The risk factors for breast cancer are better understood than the etiology, and can be utilized to identify at-risk women based on specified criteria. Effective preventative approaches, including medications and/or lifestyle interventions, can then be determined based on an individual’s risk. The Gail Model has been used as one means to identify women at increased risk for breast cancer. This approach uses a number of factors, including age, number of pregnancies and family history. Women considered at high risk can be offered chemoprevention with tamoxifen or raloxifene. [10] However, these interventions carry significant risks and additional options to reduce breast cancer risk are desired by the women affected and their advocates.

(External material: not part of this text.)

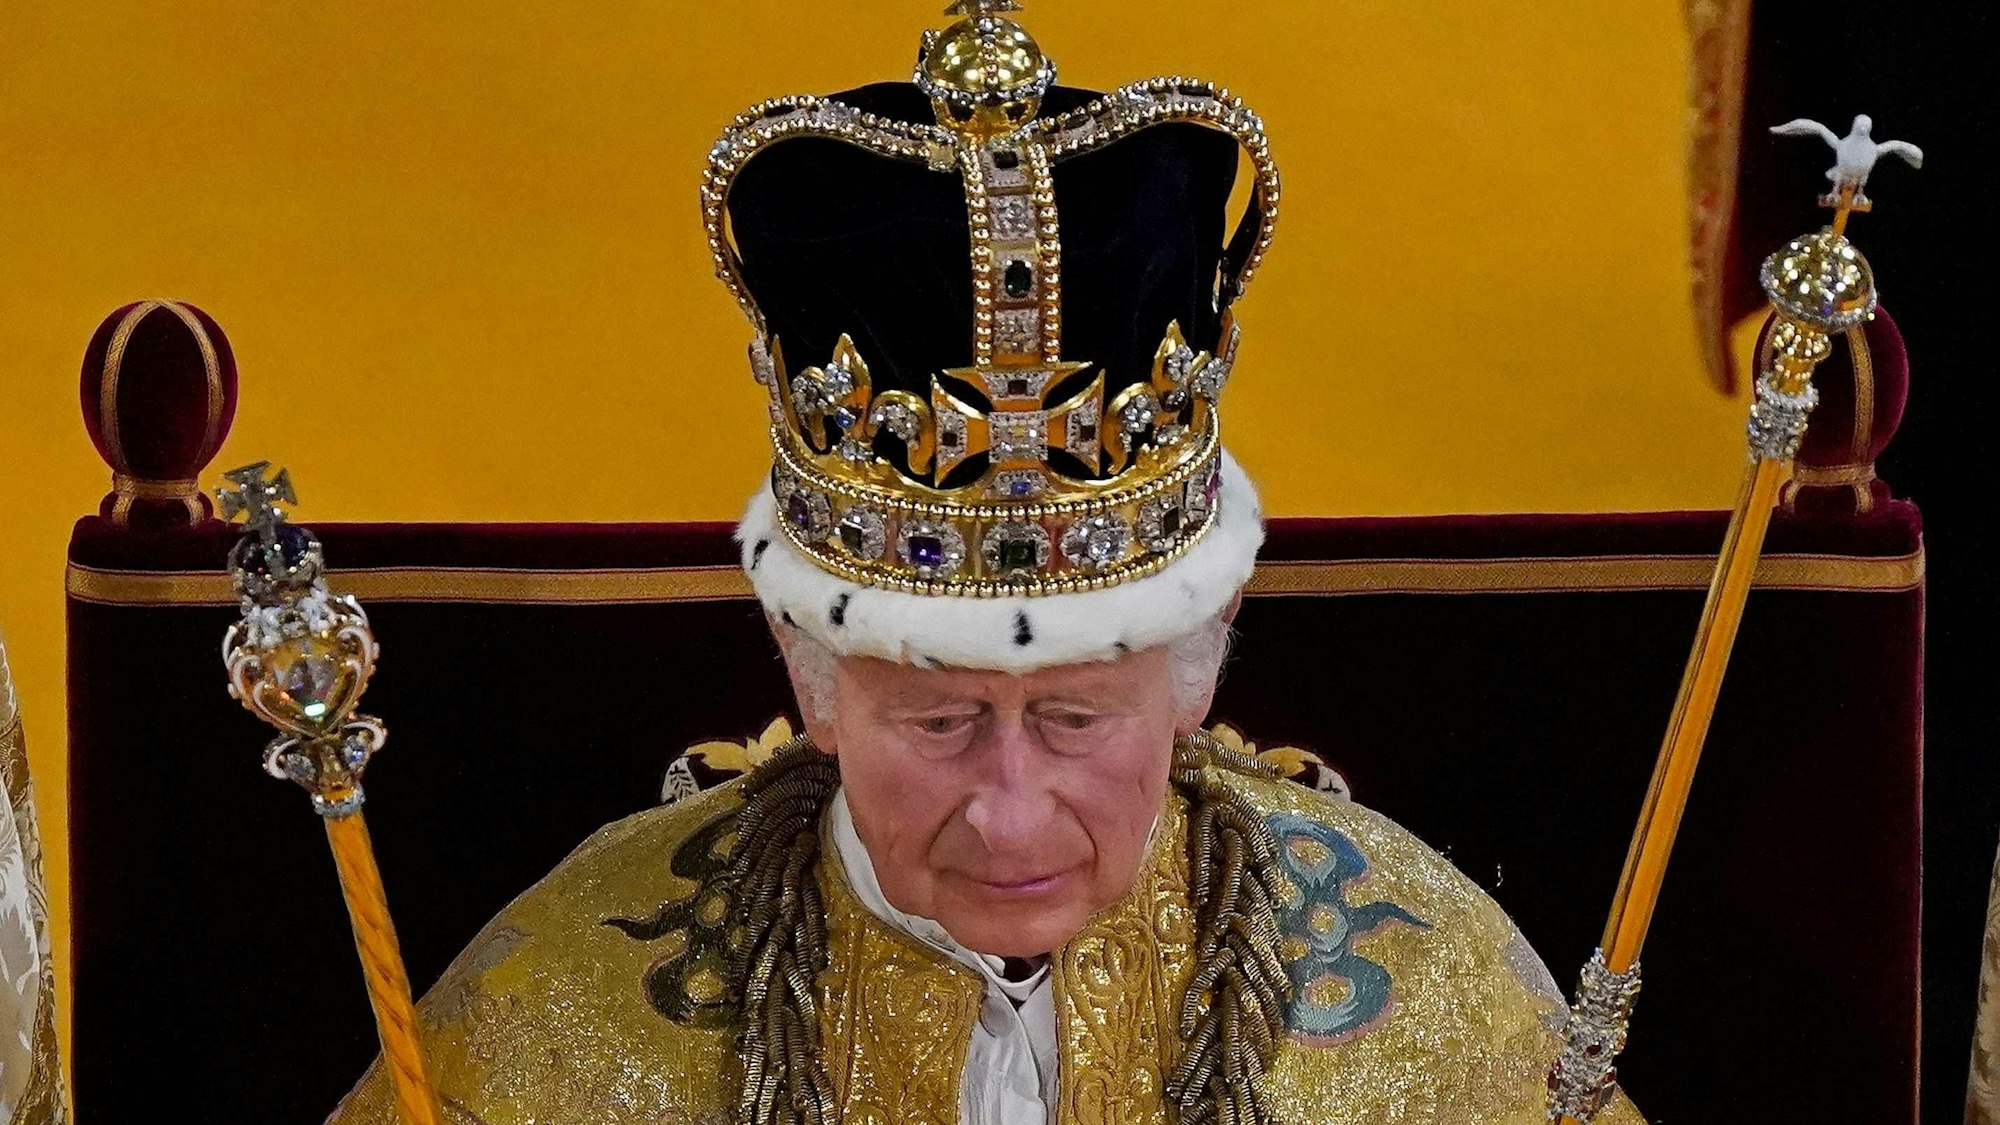 König Charles III. ist gekrönt worden.

Tamoxifen acts by directly binding to the estrogen receptor (ER), inhibiting proliferation of ER-positive cells in the breast. [11] Several large, long-term studies have shown that tamoxifen significantly prevents breast cancer relapse and is now a first-line adjuvant therapy for postmenopausal women with ER-positive breast cancer. [12] In addition, tamoxifen treatment has been shown to prevent the initial occurrence of ER-positive tumors in high-risk individuals. [13] However, the actual use of this compound by at-risk women has been low due to the potential side-effects. [14] Raloxifene has been more recently approved for prevention, but the long-term acceptance rates are not yet clear. Low acceptance rates for tamoxifen appear to be a result of a variety of factors, including hot flushes as well as potentially life-threatening events such as increased risk of endometrial cancer, venous thromboembolism, hepatic steatosis and stroke. [11],[15]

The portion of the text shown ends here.